### EXERCISE AIM
What is needed is an exact retyping of the records below, from the first line through the line that contains "Darth Vader 4k".
[[ DATA RECORDS, beginning ]]
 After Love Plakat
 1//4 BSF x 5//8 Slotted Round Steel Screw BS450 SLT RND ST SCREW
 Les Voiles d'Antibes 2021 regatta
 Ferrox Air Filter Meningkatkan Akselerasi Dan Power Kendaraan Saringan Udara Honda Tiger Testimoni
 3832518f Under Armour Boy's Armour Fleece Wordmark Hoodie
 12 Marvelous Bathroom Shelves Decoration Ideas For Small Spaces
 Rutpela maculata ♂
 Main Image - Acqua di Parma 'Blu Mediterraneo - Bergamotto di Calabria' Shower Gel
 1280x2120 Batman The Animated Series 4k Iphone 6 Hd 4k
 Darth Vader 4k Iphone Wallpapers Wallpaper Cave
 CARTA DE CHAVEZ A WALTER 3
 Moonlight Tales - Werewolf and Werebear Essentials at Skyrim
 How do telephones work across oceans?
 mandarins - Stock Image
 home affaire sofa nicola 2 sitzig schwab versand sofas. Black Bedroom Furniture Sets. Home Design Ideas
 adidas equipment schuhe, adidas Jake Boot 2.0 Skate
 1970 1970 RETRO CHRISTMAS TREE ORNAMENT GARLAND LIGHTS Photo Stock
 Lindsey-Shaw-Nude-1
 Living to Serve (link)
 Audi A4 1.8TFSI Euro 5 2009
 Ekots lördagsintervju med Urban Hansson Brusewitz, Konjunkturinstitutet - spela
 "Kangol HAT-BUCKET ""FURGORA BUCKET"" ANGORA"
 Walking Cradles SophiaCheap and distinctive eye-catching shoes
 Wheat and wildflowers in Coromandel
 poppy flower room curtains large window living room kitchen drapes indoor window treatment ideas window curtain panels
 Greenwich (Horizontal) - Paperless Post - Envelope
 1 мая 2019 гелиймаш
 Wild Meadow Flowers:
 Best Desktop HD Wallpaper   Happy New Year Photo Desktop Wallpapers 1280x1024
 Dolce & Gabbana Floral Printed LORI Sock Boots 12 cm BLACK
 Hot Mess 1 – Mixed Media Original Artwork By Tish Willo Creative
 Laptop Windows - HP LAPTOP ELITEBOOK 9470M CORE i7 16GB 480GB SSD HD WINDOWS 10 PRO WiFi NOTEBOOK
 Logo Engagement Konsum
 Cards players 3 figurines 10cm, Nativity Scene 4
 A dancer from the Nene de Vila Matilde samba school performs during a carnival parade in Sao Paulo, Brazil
[[ DATA RECORDS, end ]]
### ANSWER TO THE PROBLEM
 After Love Plakat
 1//4 BSF x 5//8 Slotted Round Steel Screw BS450 SLT RND ST SCREW
 Les Voiles d'Antibes 2021 regatta
 Ferrox Air Filter Meningkatkan Akselerasi Dan Power Kendaraan Saringan Udara Honda Tiger Testimoni
 3832518f Under Armour Boy's Armour Fleece Wordmark Hoodie
 12 Marvelous Bathroom Shelves Decoration Ideas For Small Spaces
 Rutpela maculata ♂
 Main Image - Acqua di Parma 'Blu Mediterraneo - Bergamotto di Calabria' Shower Gel
 1280x2120 Batman The Animated Series 4k Iphone 6 Hd 4k
 Darth Vader 4k Iphone Wallpapers Wallpaper Cave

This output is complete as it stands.